Wheat has been the poor cousin of commodities this year, losing value as star performers such as copper, lead and sugar have flown, but the humble grain is now beginning to catch the eye of all-important investment funds.

Prices have been weighed down by growing stocks following a record global harvest in 2008 and the second-largest harvest in history this year, but there are signs that the tide may finally be beginning to turn.

The International Grains Council and the United Nations Food and Agriculture Organization expect lower prices to reduce plantings for the 2010 harvest and investors with access to cheap money are eyeing wheat as they look to catch the next wave of the commodities rally.

“There has been a pickup in interest in wheat recently,” said Nicholas Brooks, head of research and investment strategy for ETF Securities.

“Perhaps the negativity (on fundamentals) has been overdone… investors do tend to look for laggards, especially when you are in a period of very strong price increases in commodities generally,” he added.
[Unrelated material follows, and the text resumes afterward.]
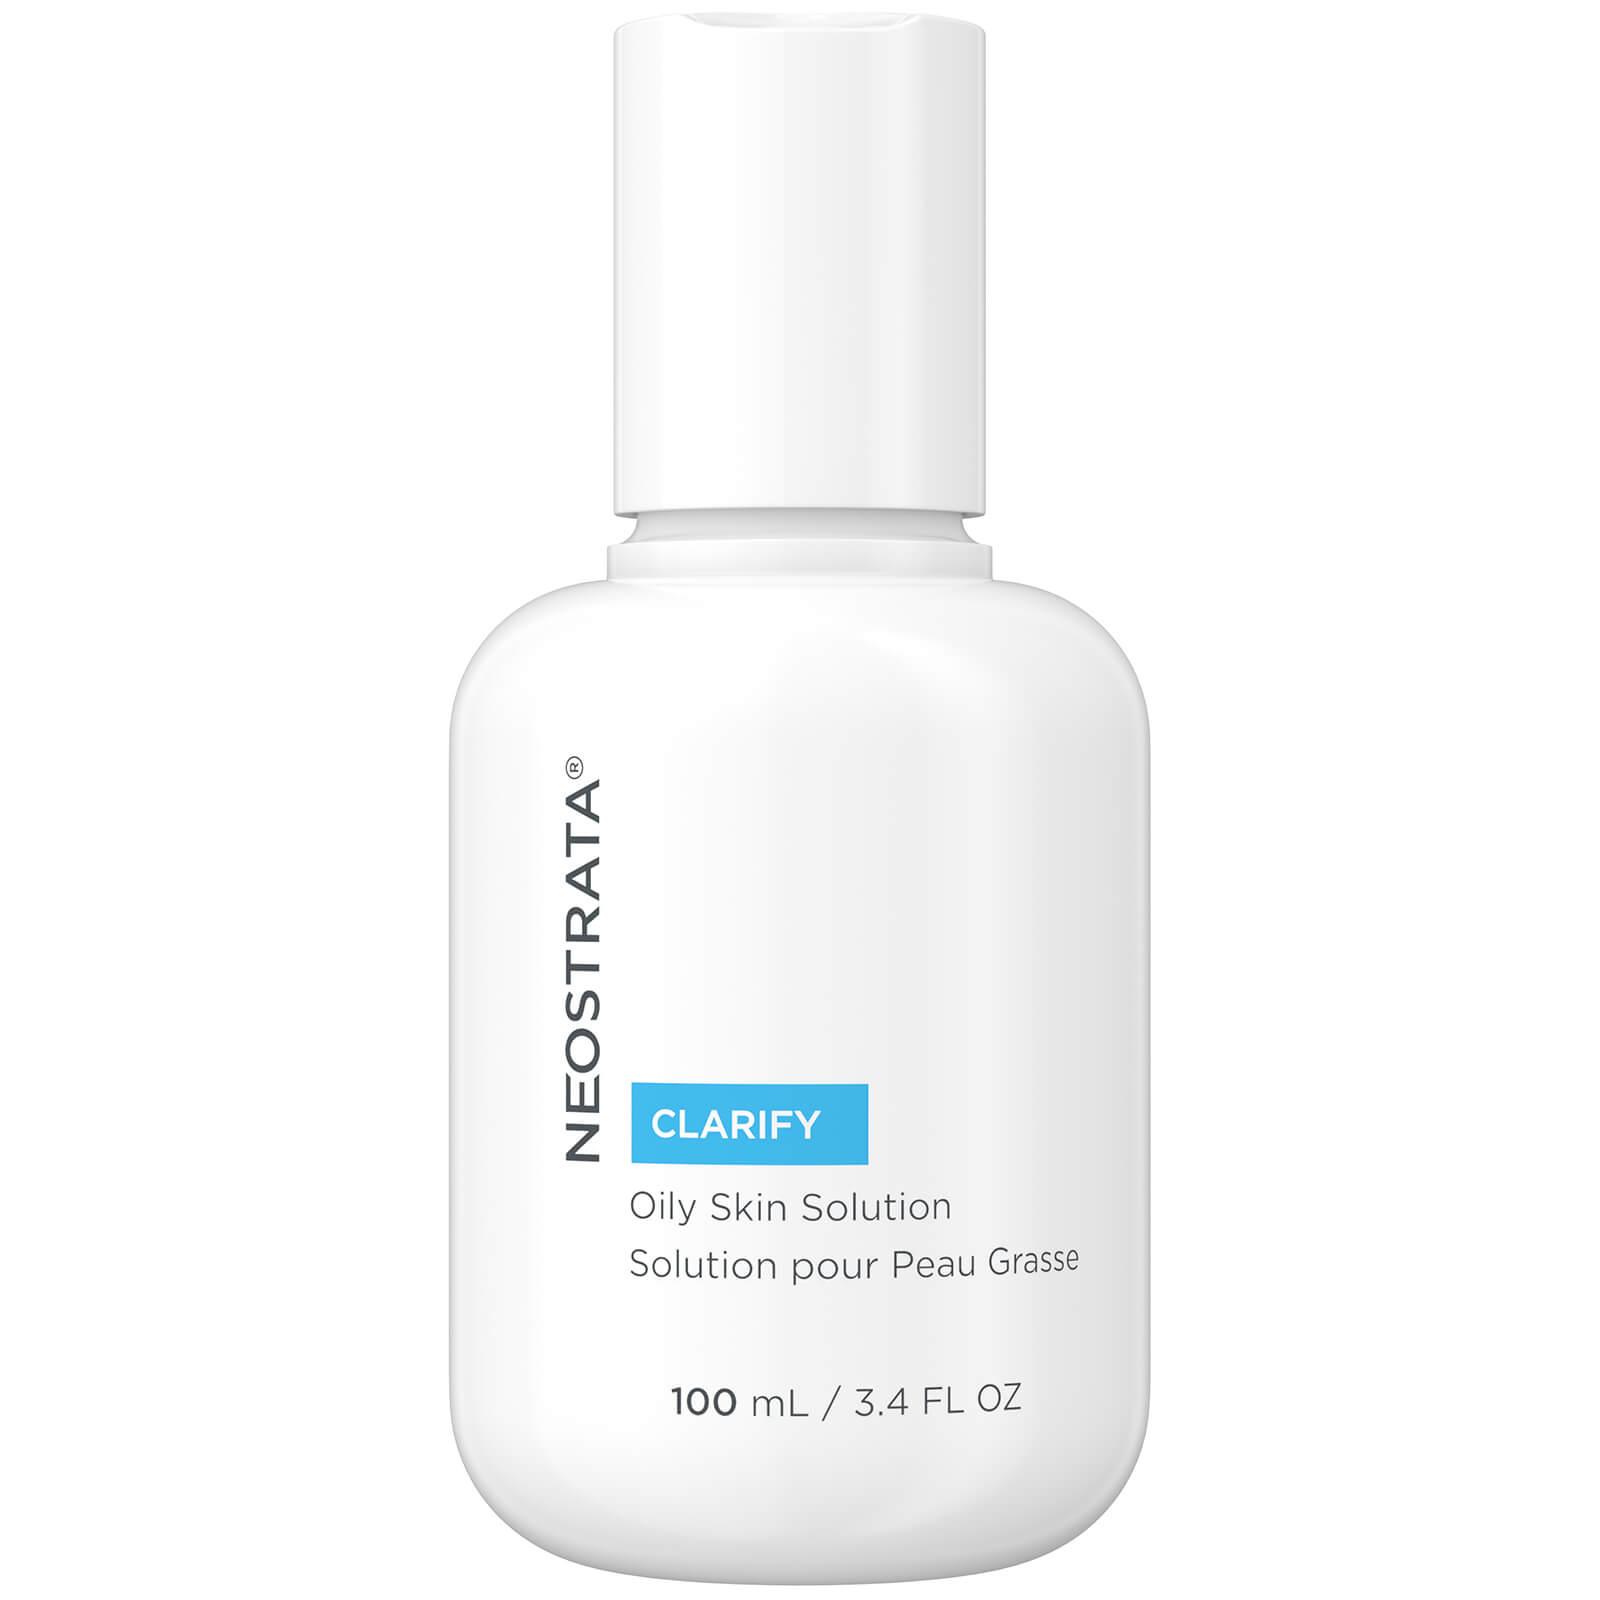 NeoStrata Oily skin soloution 100ml

Brooks said inflows into ETFS wheat, a product which tracks wheat futures trends, have more than doubled since May to a cumulative total of $140 million, exceeding any other agricultural product based on a single commodity (all figures US$).

The reweighting of commodity indices could also boost wheat as index funds buy around the turn of the year to bring its value back up to target levels.

The decline in prices means at the beginning of November its weighting in the Dow Jones-UBS commodity index was just 3.16 per cent compared with a target for the start of 2010 of 4.70 per cent, VM Group said in a report earlier in November.

CBOT wheat prices on the

benchmark front month were trading around $5.57 a bushel on Nov. 17, up by more than 30 per cent from 2-1/2-year lows set two months earlier, although they remain nearly 10 per cent below their end-2008 level.


Fund managers, looking at the relative performance of wheat compared with some other basic resources, have already lengthened exposure.

“Our discretionary managers – the ones who don’t follow systematic models – they are long wheat because in an absolute sense it’s been extremely beaten up,” said Alex Allen, chief investment officer at fund of hedge funds firm Eddington Capital Management.

“On a relative basis, compared with some of the other agricultural commodities, it’s looking cheap as well,” he said.

Wheat bulls cite lower plantings, particularly in the U. S.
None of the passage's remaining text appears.